Urban development and infrastructure maintenance

Modular Construction Research Group

University of Alberta, Department of Civil & Environmental Engineering

Sustainable urban development, with ready access to amenities and infrastructure, results in a higher quality of life for all citizens. We conduct research investigating infrastructure planning, maintenance, policies, and community design in order to enhance quality of life and sustainability. This involves exploring potential efficiencies in the design, delivery, and maintenance of infrastructure, and researching policy changes that could reduce costs while enhancing safety. Complementary research initiatives include evidence-based elderly-friendly architectural design, exploring innovative designs that allow elderly persons to age at home with reduced safety hazards.

A deep learning-based framework for an automated defect detection system for sewer pipes

This research proposes a framework for automated defect detection in sewer pipes. The municipal drainage system is a key component of every modern city’s infrastructure. However, as the drainage system ages its pipes gradually deteriorate at rates that vary based on the conditions of utilization (i.e., intrinsic conditions) and extrinsic factors such as the presence of trees with deep roots or the traffic load above the sewer lines, which collectively can affect the structural integrity of the pipes. As a result, regular monitoring of the drainage system is extremely important since replacement is not only costly, but, more importantly, can disturb the daily routines of citizens.
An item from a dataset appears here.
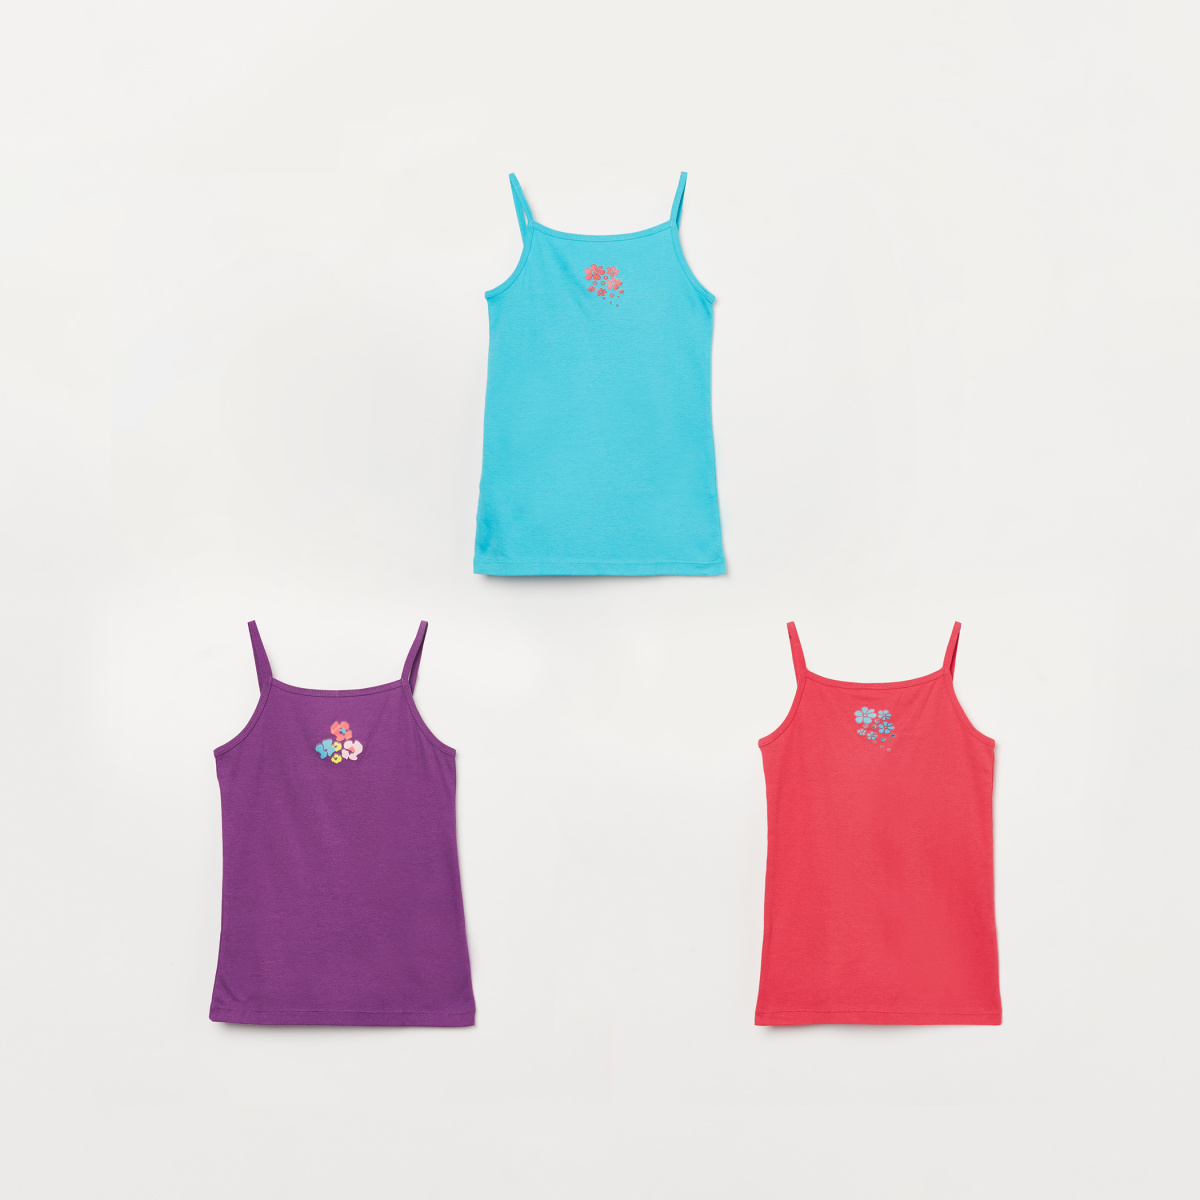 JOCKEY Girls Printed Camisoles - Set of 3, Lifestyle Stores, Sector 4C

In this respect, closed-circuit television (CCTV) inspection has been widely accepted as an effective inspection technology for buried infrastructure. Since sewer pipes can run for thousands of kilometres underground, cities collect massive amounts of CCTV video footage, the assessment of which is time-consuming and may require a large team of trained technologists. In our research a framework is proposed to realize the development of a real-time automated defect detection system that takes advantage of a deep-learning algorithm. The framework focuses on streamlining the information and data flow, proposing patterns of input and output data processing. A state-of-the-art convolutional neural network (CNN)-based object detector, the YOLOv3 network, is employed in this research, as this deep-learning algorithm is known to be very efficient in the field of object detection from the perspective of processing speed and accuracy. The model used in this research is trained with a dataset of 4,056 samples that contains six types of defects (i.e., broken, hole, deposits, crack, fracture, and root) and one type of construction feature (tap). The performance of the model is validated with a mean average precision (mAP) of 85.37%. The proposed output of the system includes labelling of the CCTV video footage, identification of the frames that contain defects, and associated defect information. The labelled video can serve as a benchmark for assessment technologists, while the multiple output frames provide an overview of the condition of the sewer pipe.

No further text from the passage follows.